How do we know this? Freshwater fish have to make a bed on the bottom to lay eggs. Why? Because they will sink to the bottom. Saltwater fish have to have salty water so the eggs will float!

I hope you can find something in this read to help you on your next fishing trip!

And one other thing. If you are not getting hung up you are not fishing in the right spot! If you get hung up on the same spot twice do not throw at that spot again! Think about.

Capt Wes


----------



## shipoke (Jul 11, 2008)

Dang, I thought I was passing on useful info. I'll keep all my secrets to myself next time. So...... When it comes to fishing.......just go.


----------



## KingCrab (Apr 29, 2012)

So let it be written , So let it be done !!!!


----------



## LIM-IT-OUT (Aug 26, 2014)

shipoke said:


> Dang, I thought I was passing on useful info. I'll keep all my secrets to myself next time. So...... When it comes to fishing.......just go.


There is definitely a science and logic behind a pattern or good bite.... :yes: it may be may not be related to barometric pressure only or certainly but every variable you have then a higher statistic you will have at catching fish

There is always a good bite somewhere fish are eating or can be fed.... look at tournaments for example there are always a selective few who consistently catch fish. Why because they understand the conditions in which they are delt and know how to pattern a bite with what mother nature gives them any day of the week.
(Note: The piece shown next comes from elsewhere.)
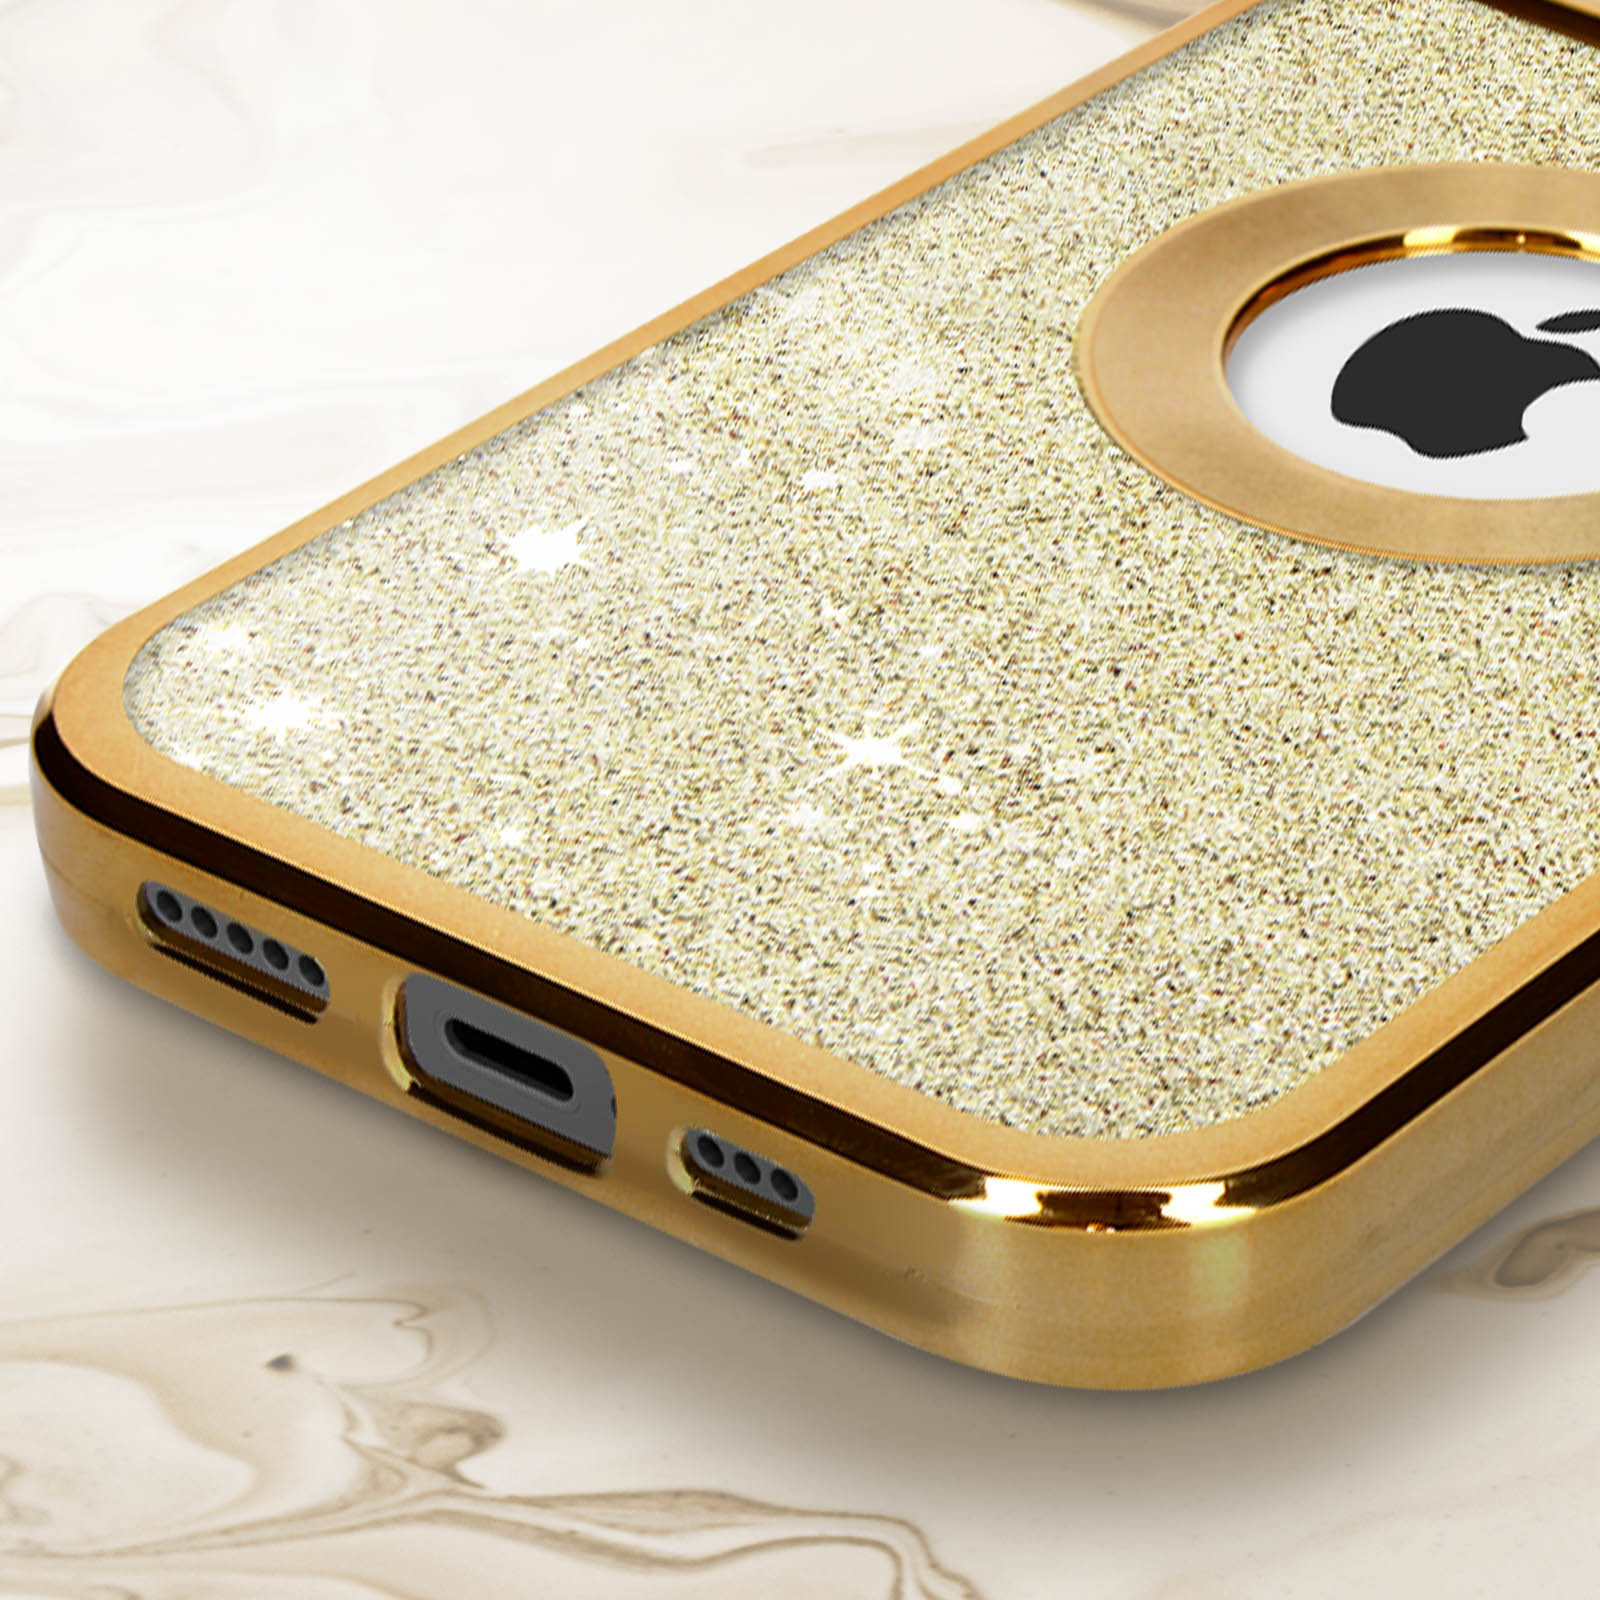 AVIZAR Protecam Spark Series, Backcover, iPhone Apple, Pro, 12 Gold

Barometric pressure is 1 of those variables. Along with
Season
Tide
Time
Water temp
Air temp
Moon
Weather patterns 
Bait bloom / migration 
Fish migration 
Bait spawn
Fish spawn
Vegetation growth / season
Wind direction
Salinity 
Current 
Water clarity 

small details pay big dividends. Nobody is born a good fishermen fishing is 99.9 percent knowledge and 0.1 skill. Any bone head can cast a rod but a fishermen has the knowledge to catch fish. That doesn't come from just fishing everyday, it comes from experience of what works when and most importantly why.

Pa Pow!!!


----------



## Riverfan (Apr 5, 2015)

I read an article about the impact of changing air preassure on water. I wish I could remember the source but I’m guessing it was In-Fsherman. The conclusion of the article is because water much more dense than air, fish would not sense the difference in pressure. It also referenced the change in pressure as a fish move up or down in the water collume. If I rember right, a move of fractions of an inch up or down would equal a significant change in barimetric pressure. I’ll try to find the source for more information. I did find an online source to refferance the the difference in air and water pressure. 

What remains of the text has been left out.